The wealthy are the biggest greenhouse-gas emitters, Jayati Ghosh writes, yet carbon taxes hit the poor hardest.
It should be obvious: natural processes—and the ‘anthropocene’ effects on them—do not observe national boundaries. The atmosphere and the oceans do not rely on visas to cross borders, and the impact of climate change and the degradation of nature spread across locations.
Despite this, strategies to address climate change remain fundamentally national, even in international fora. The ‘climate responsibility’ of different countries forms the basis of negotiations and of national commitments to control greenhouse-gas emissions, as was most recently evident last November at the COP26 United Nations summit in Scotland.

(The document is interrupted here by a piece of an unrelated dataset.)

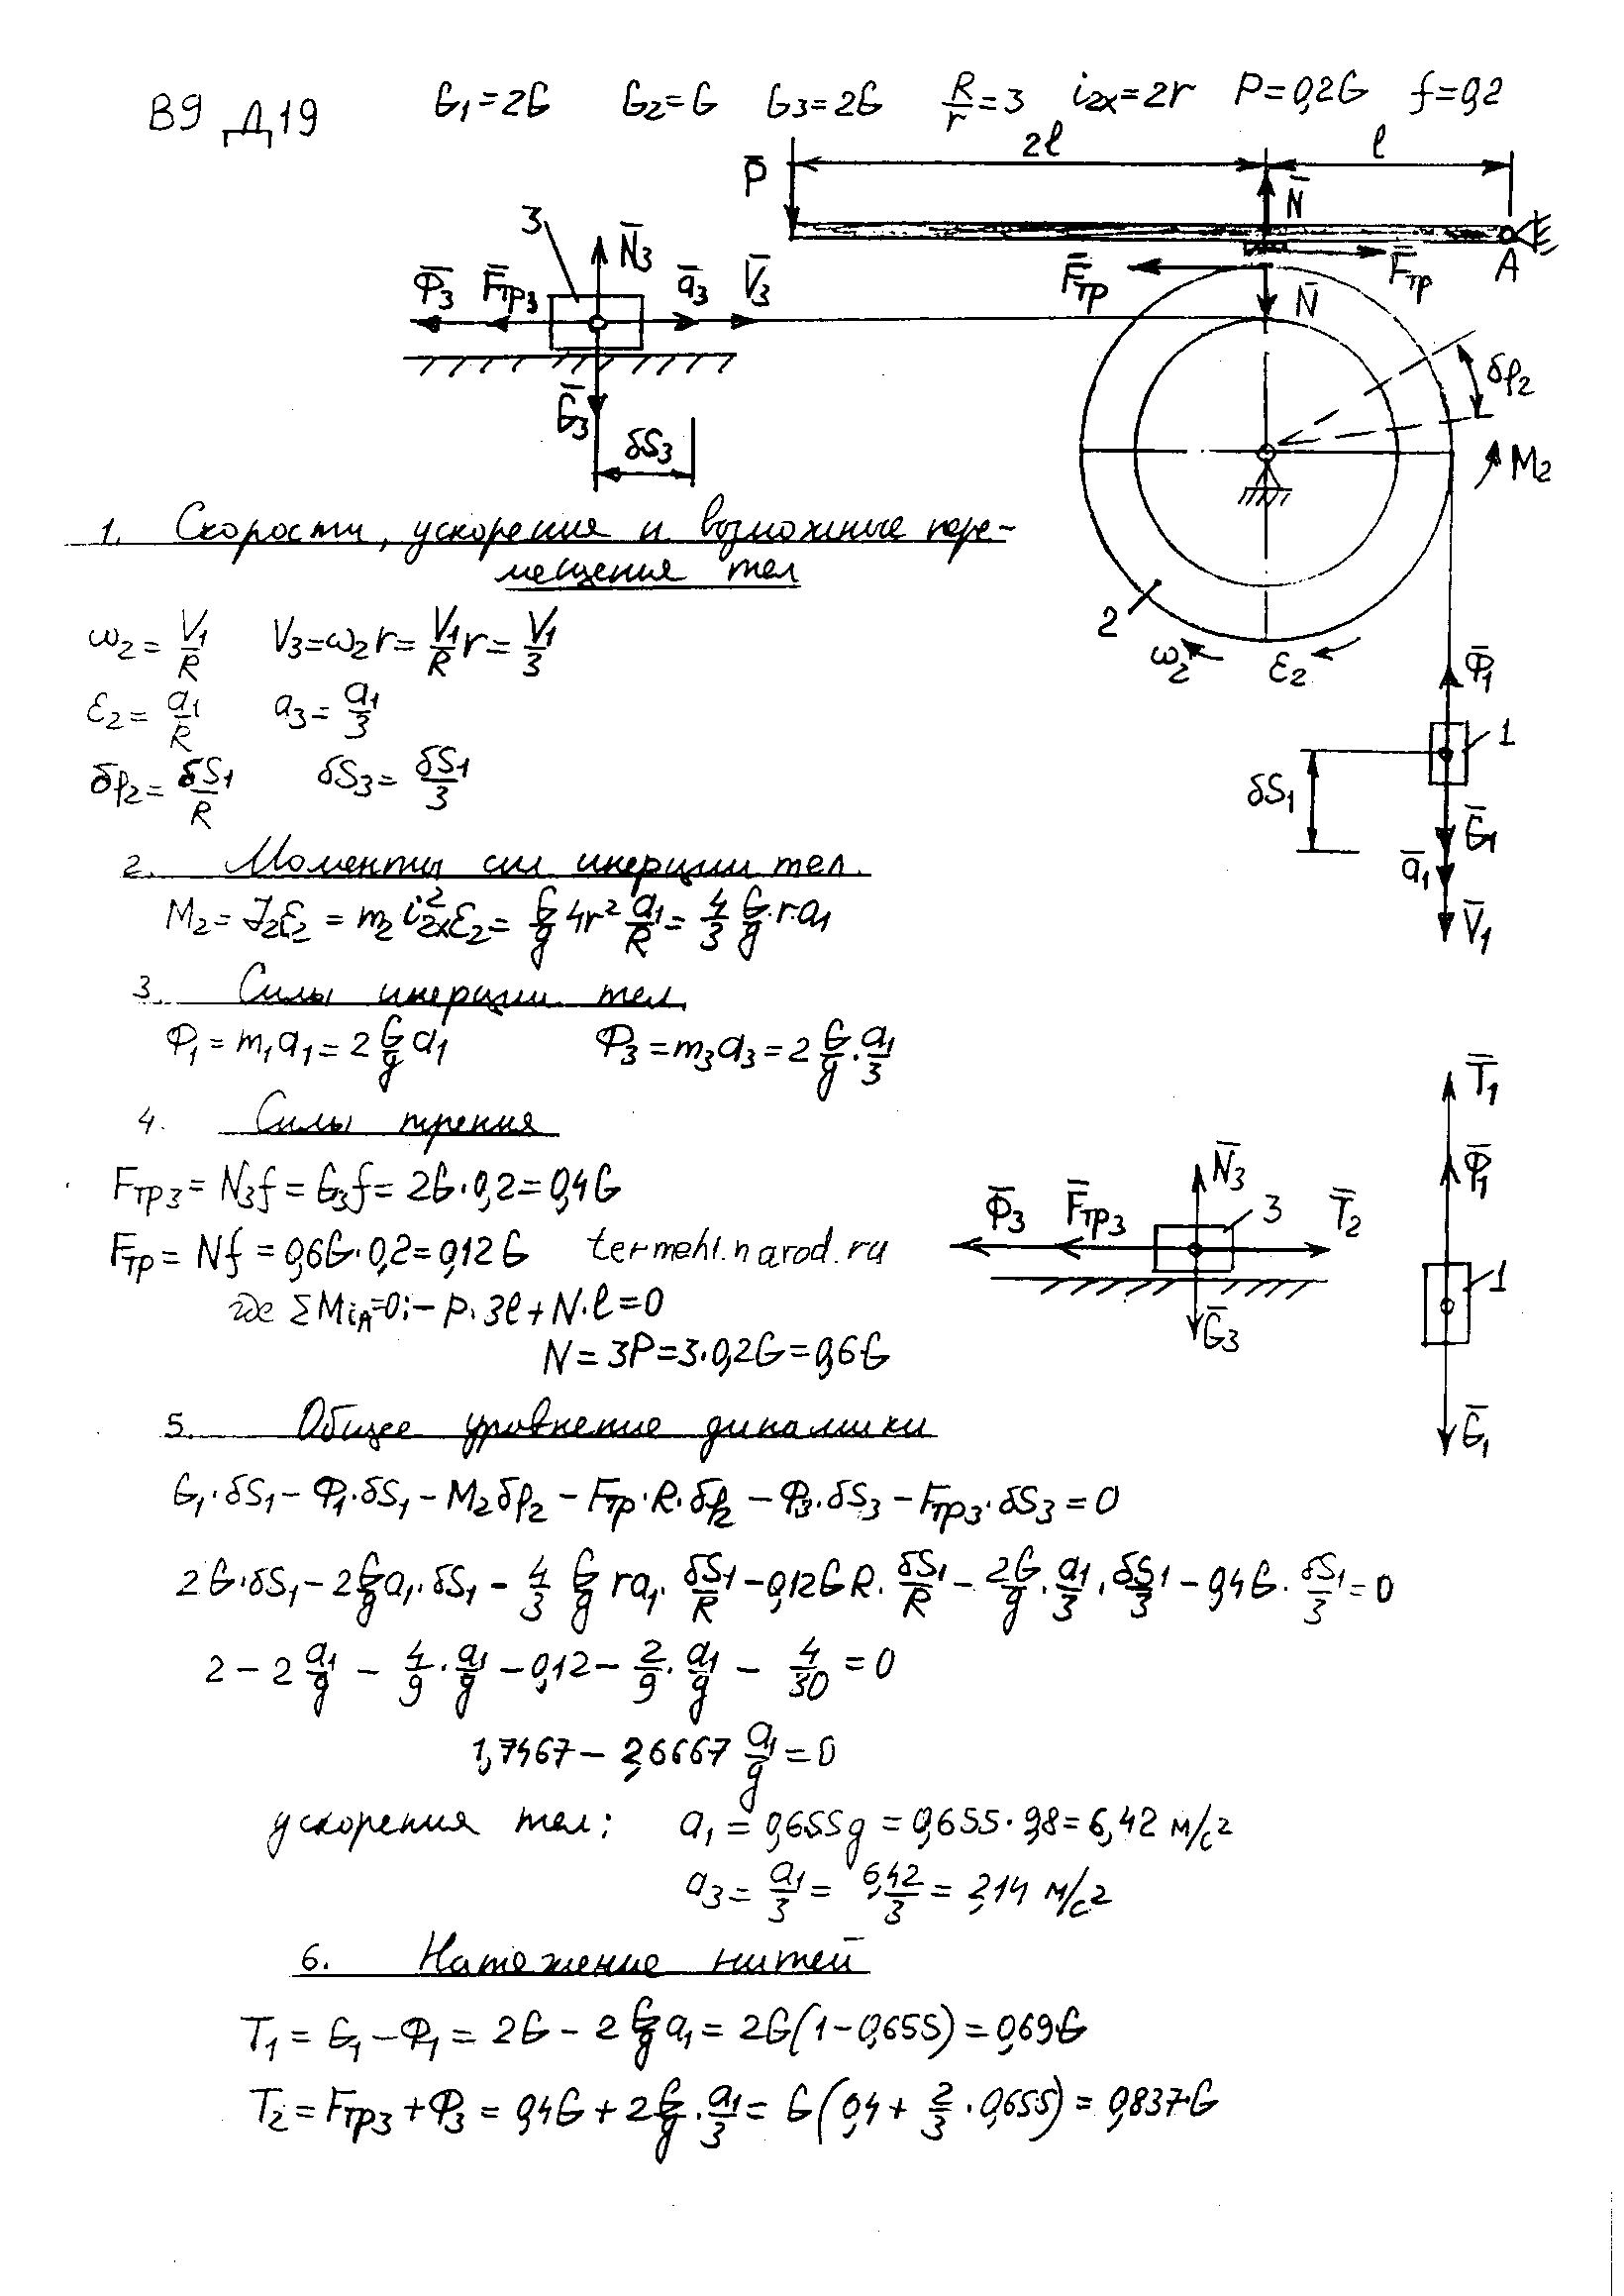 решебник яблонского 1978 года онлайн

How is such climate responsibility determined? The standard method—going back to the UN Framework Convention on Climate Change agreed at the Earth Summit in Rio in 1992—is based on carbon-dioxide-equivalent emissions generated by productive activity within national boundaries. Yet this ignores two major aspects: the historical CO2 ‘debt’ and the ability of rich countries, in particular, to ‘export’ their emissions.
Over-exploitation and abuse
Consider first that debt. According to Climate Watch, today’s developed countries are responsible for nearly 80 per cent of all human-related CO2 emissions between 1850 and 2011. The climate impacts which confront the world are a result of over-exploitation and abuse of the planet by a small group of now-rich countries, which together account for only around 14 per cent of the current global population. Furthermore, more than half of these historical emissions occurred in the last 30 years—though climate change had become increasingly evident and widely accepted, and the technologies for mitigation had developed significantly.

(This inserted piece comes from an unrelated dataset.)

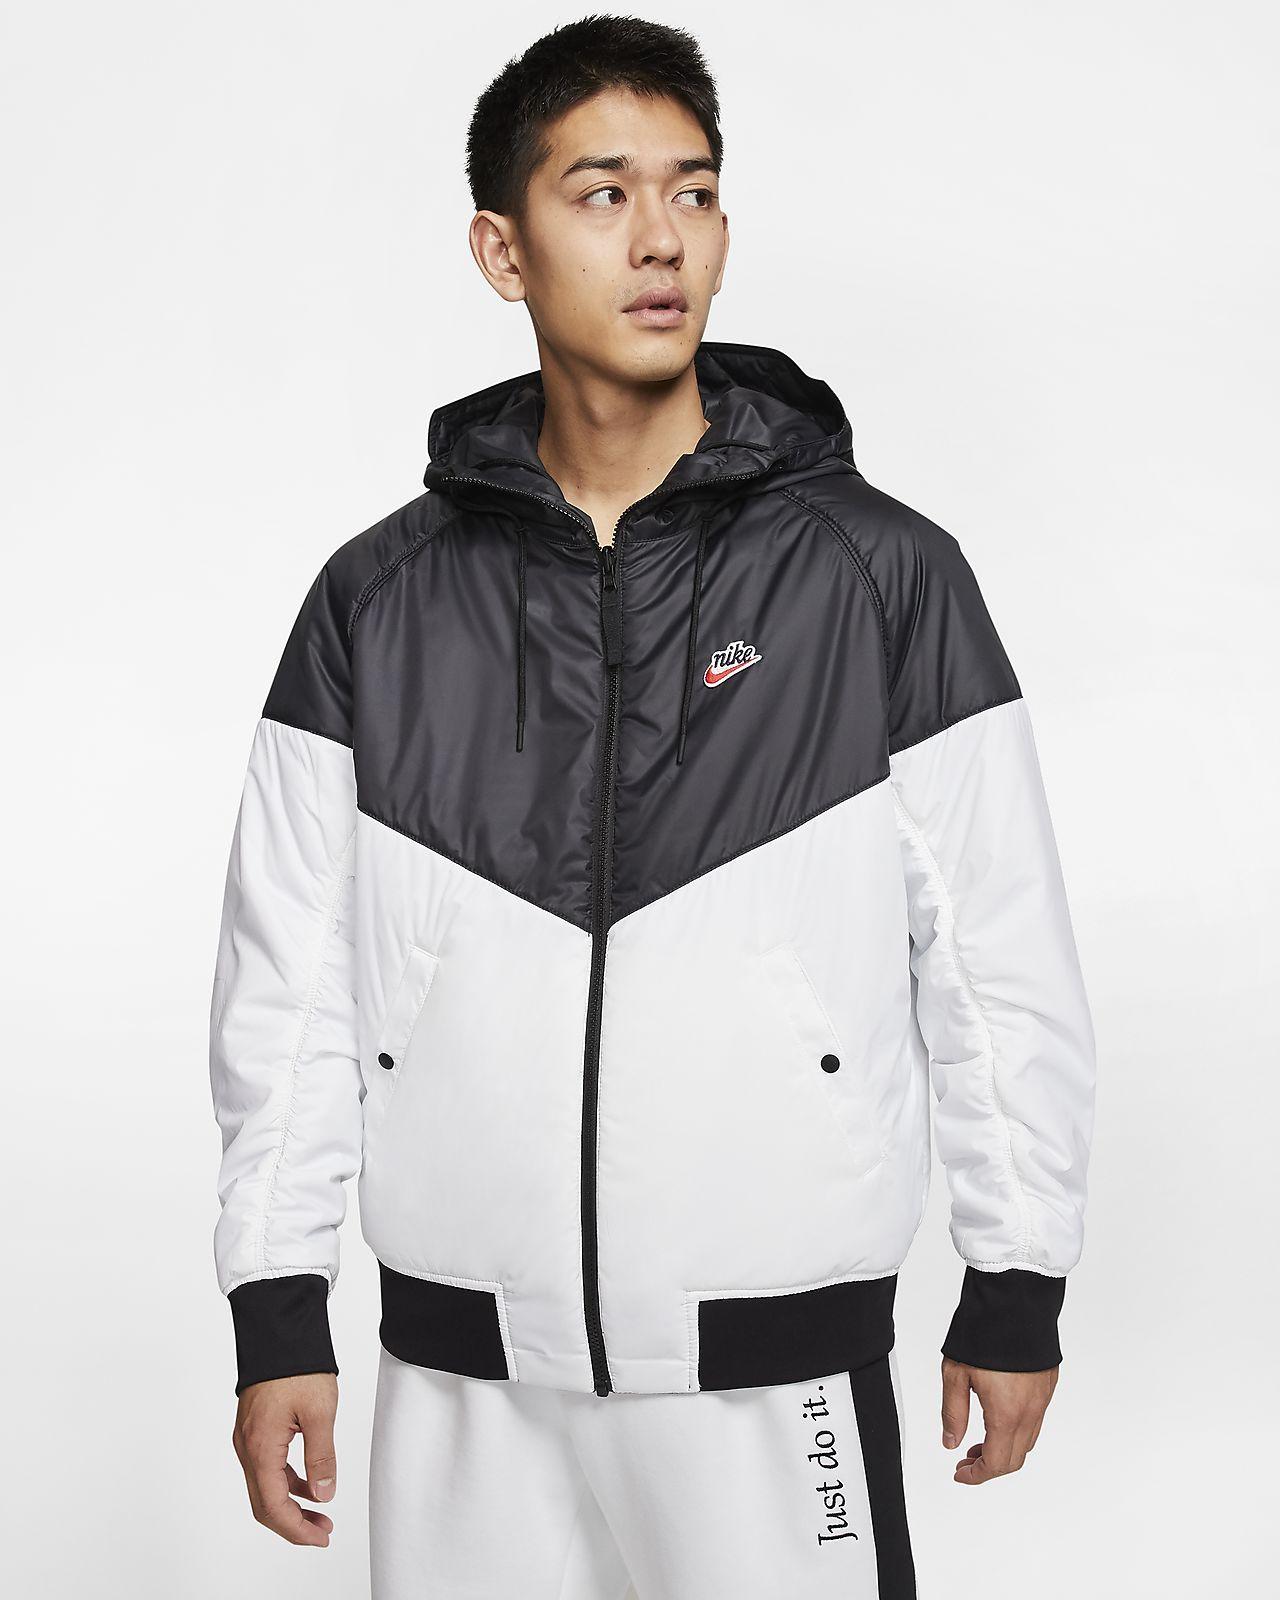 Predownload: Nike Sportswear Windrunner Men S Reversible Hooded Jacket Nike Ca Nike Clothes Mens Mens Jacket Black Nike Sportswear [ 1600 x 1280 Pixel ]

Clearly, rich countries could have done more to avert the crisis we now face. Meanwhile, the effects of climate change are being felt disproportionately by low- and middle-income countries. They are however less able to deal with the consequences, because of lower per capita incomes, less ‘fiscal space’ and less-favourable access to international capital markets.
The net-zero commitments made by some rich countries do not explicitly mention this vast negative impact of their past growth trajectories. If the climate debt they have incurred were to be incorporated, a major revamp of their proposals would be needed. For example, it has been estimated that the United States’ fair share of the global mitigation effort by 2030 would require an emissions reduction to nearly half the 2005 level.
Crucial point
The advanced economies have however refused to discuss historical responsibility and climate debt, negotiating only over current and future emissions. Their own commitments assume that they will continue to grab most of the remaining global ‘carbon budget’ for the next three decades. This crucial point is often missed even by well-meaning climate activists in the global north.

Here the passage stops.